◆ **The problem**
Your task is to give the listing below back word for word, pictures excluded.

◆ **Data shown**
◇ ◇ ◇

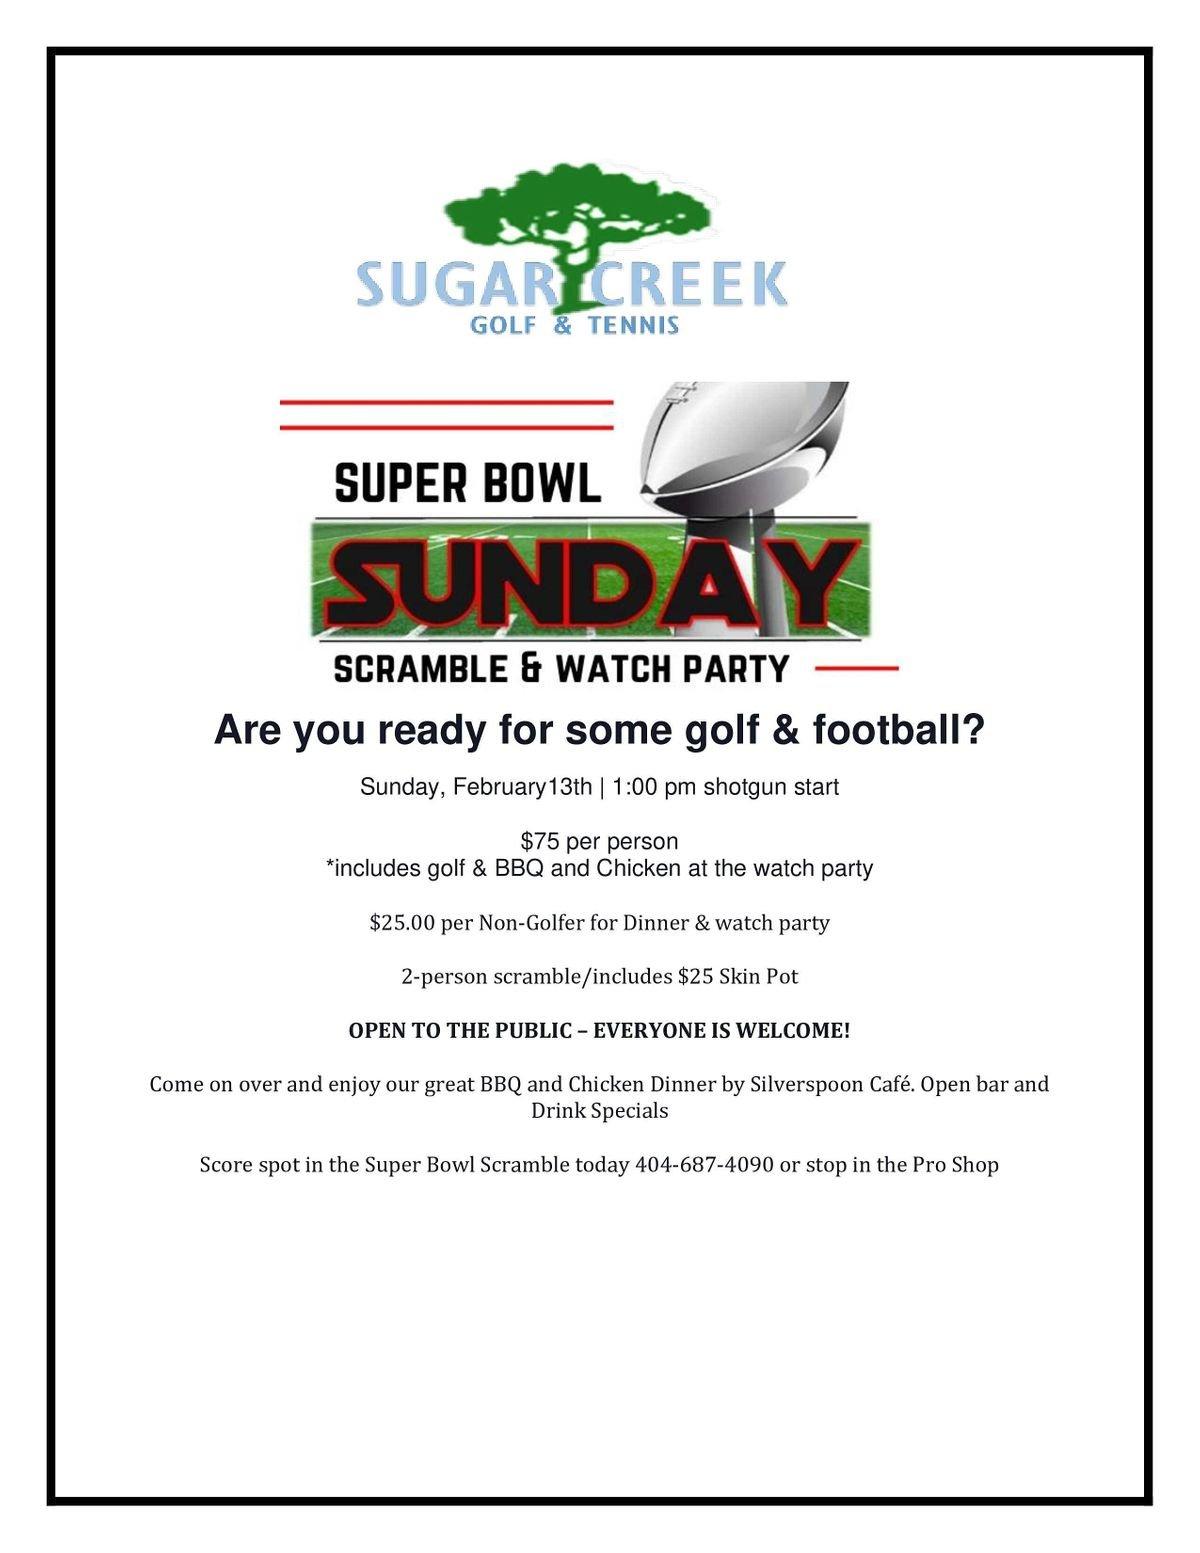 Super Bowl Sunday Golf Scramble and Watch Party
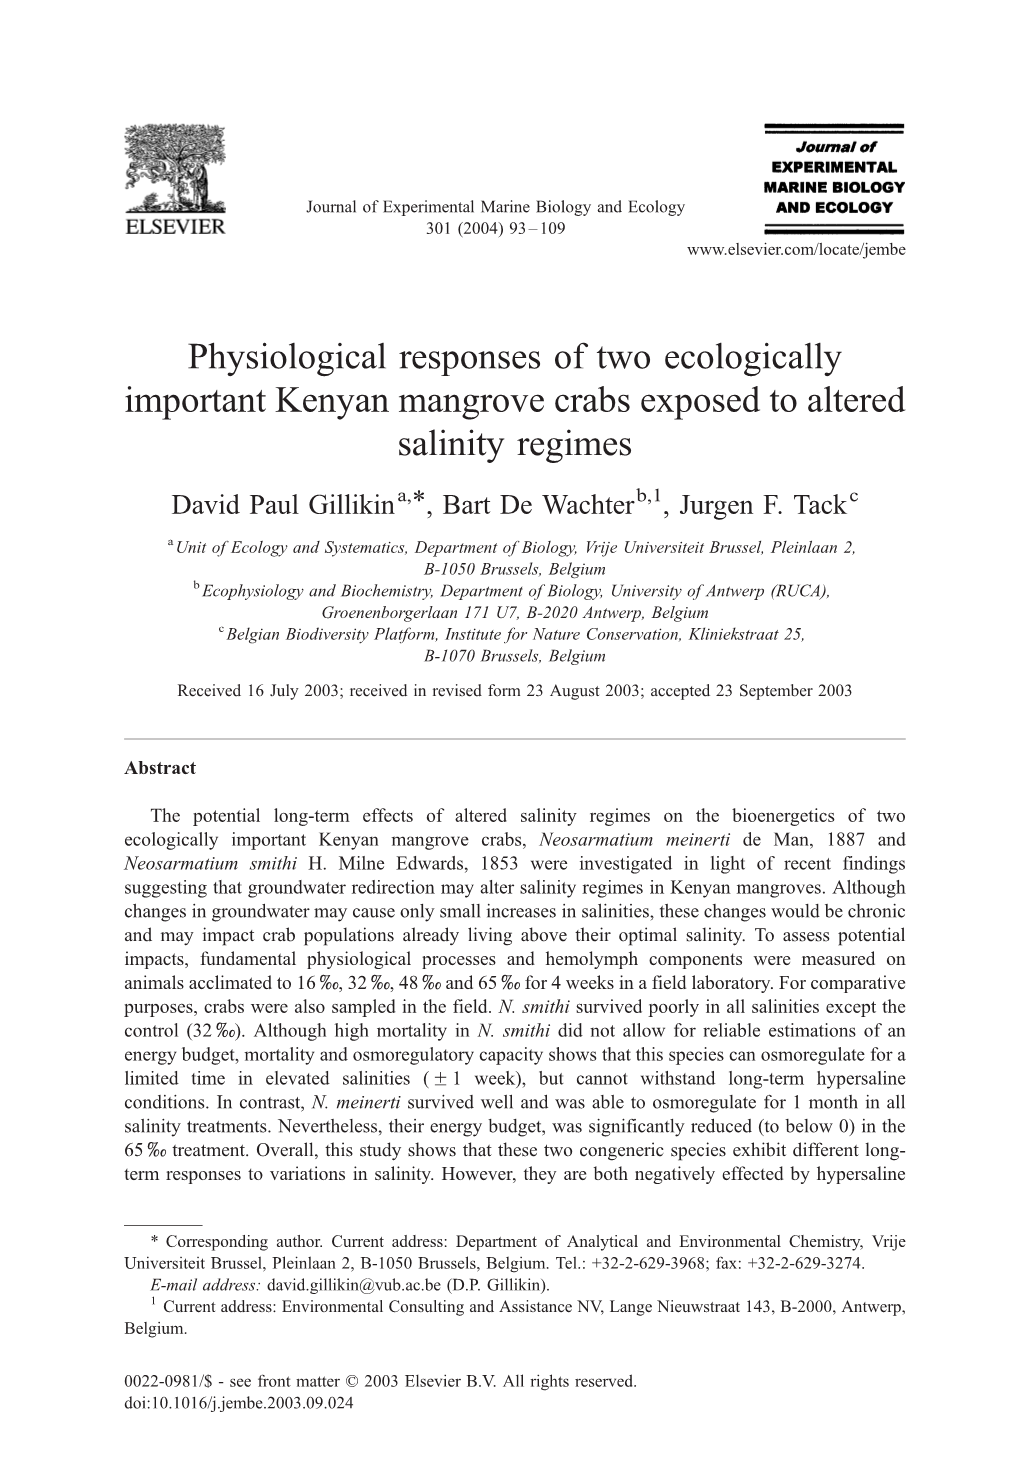 Physiological Responses of Two Ecologically Important Kenyan Mangrove Crabs Exposed to Altered Salinity Regimes
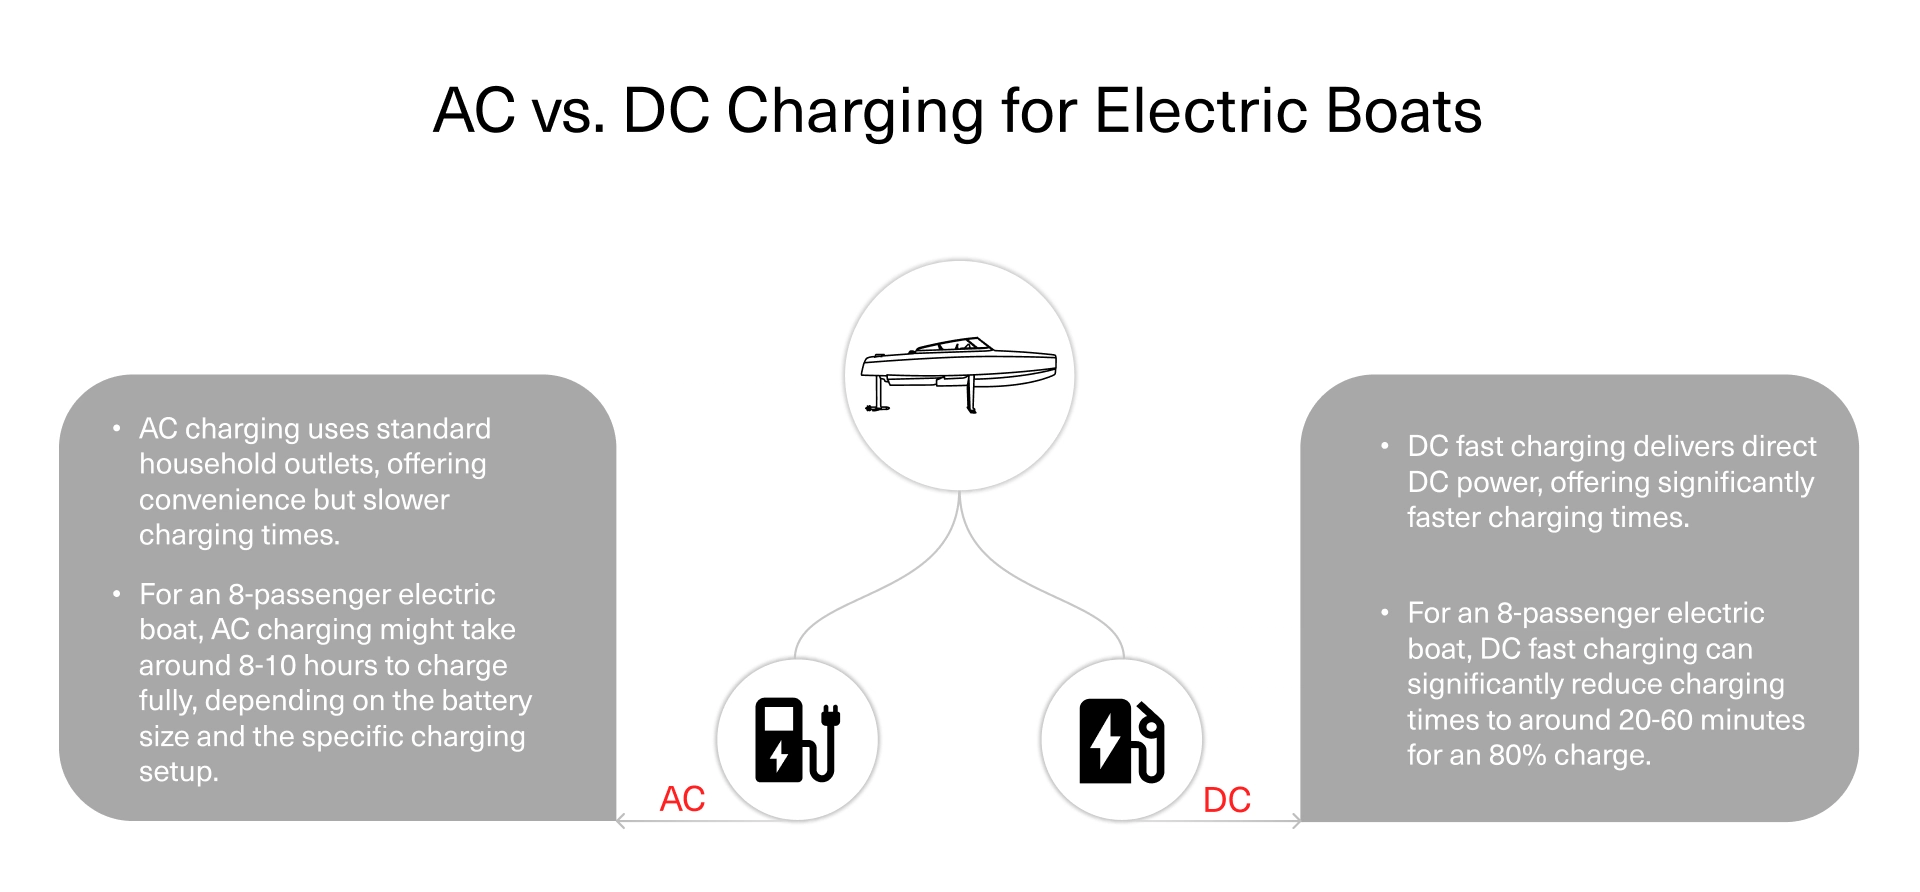 AC vs. DC Charging for Electric Boats
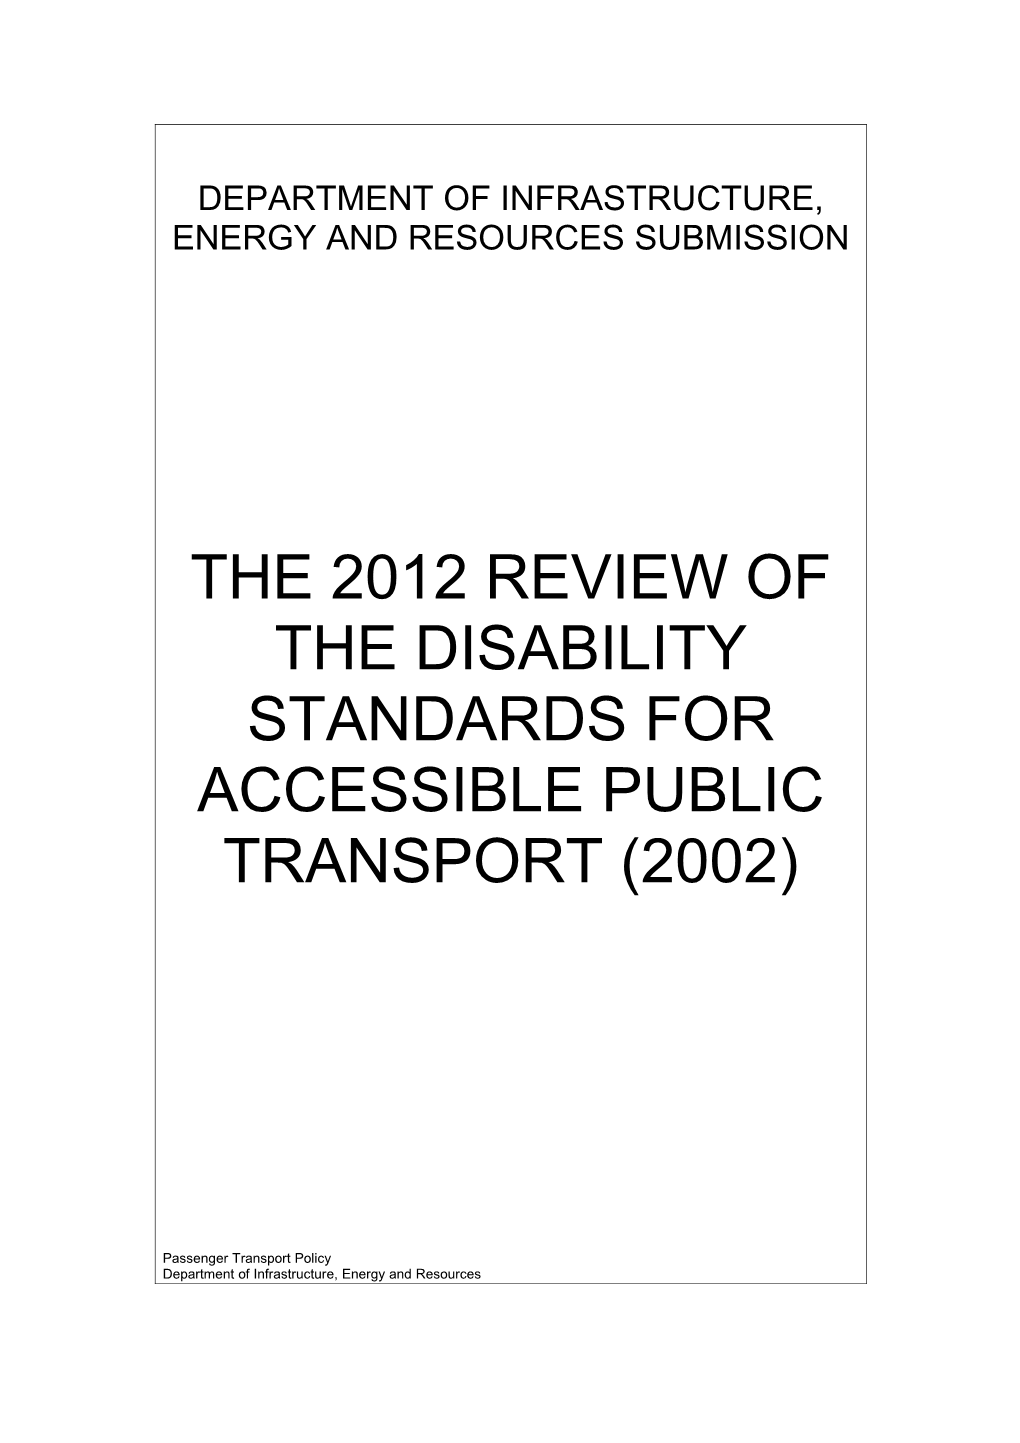 Department of Infrastructure, Energy and Resources Submission

◇ ◇ ◇

◆ **Your solution**
 Super Bowl Sunday Golf Scramble and Watch Party
 Physiological Responses of Two Ecologically Important Kenyan Mangrove Crabs Exposed to Altered Salinity Regimes
 AC vs. DC Charging for Electric Boats
 Department of Infrastructure, Energy and Resources Submission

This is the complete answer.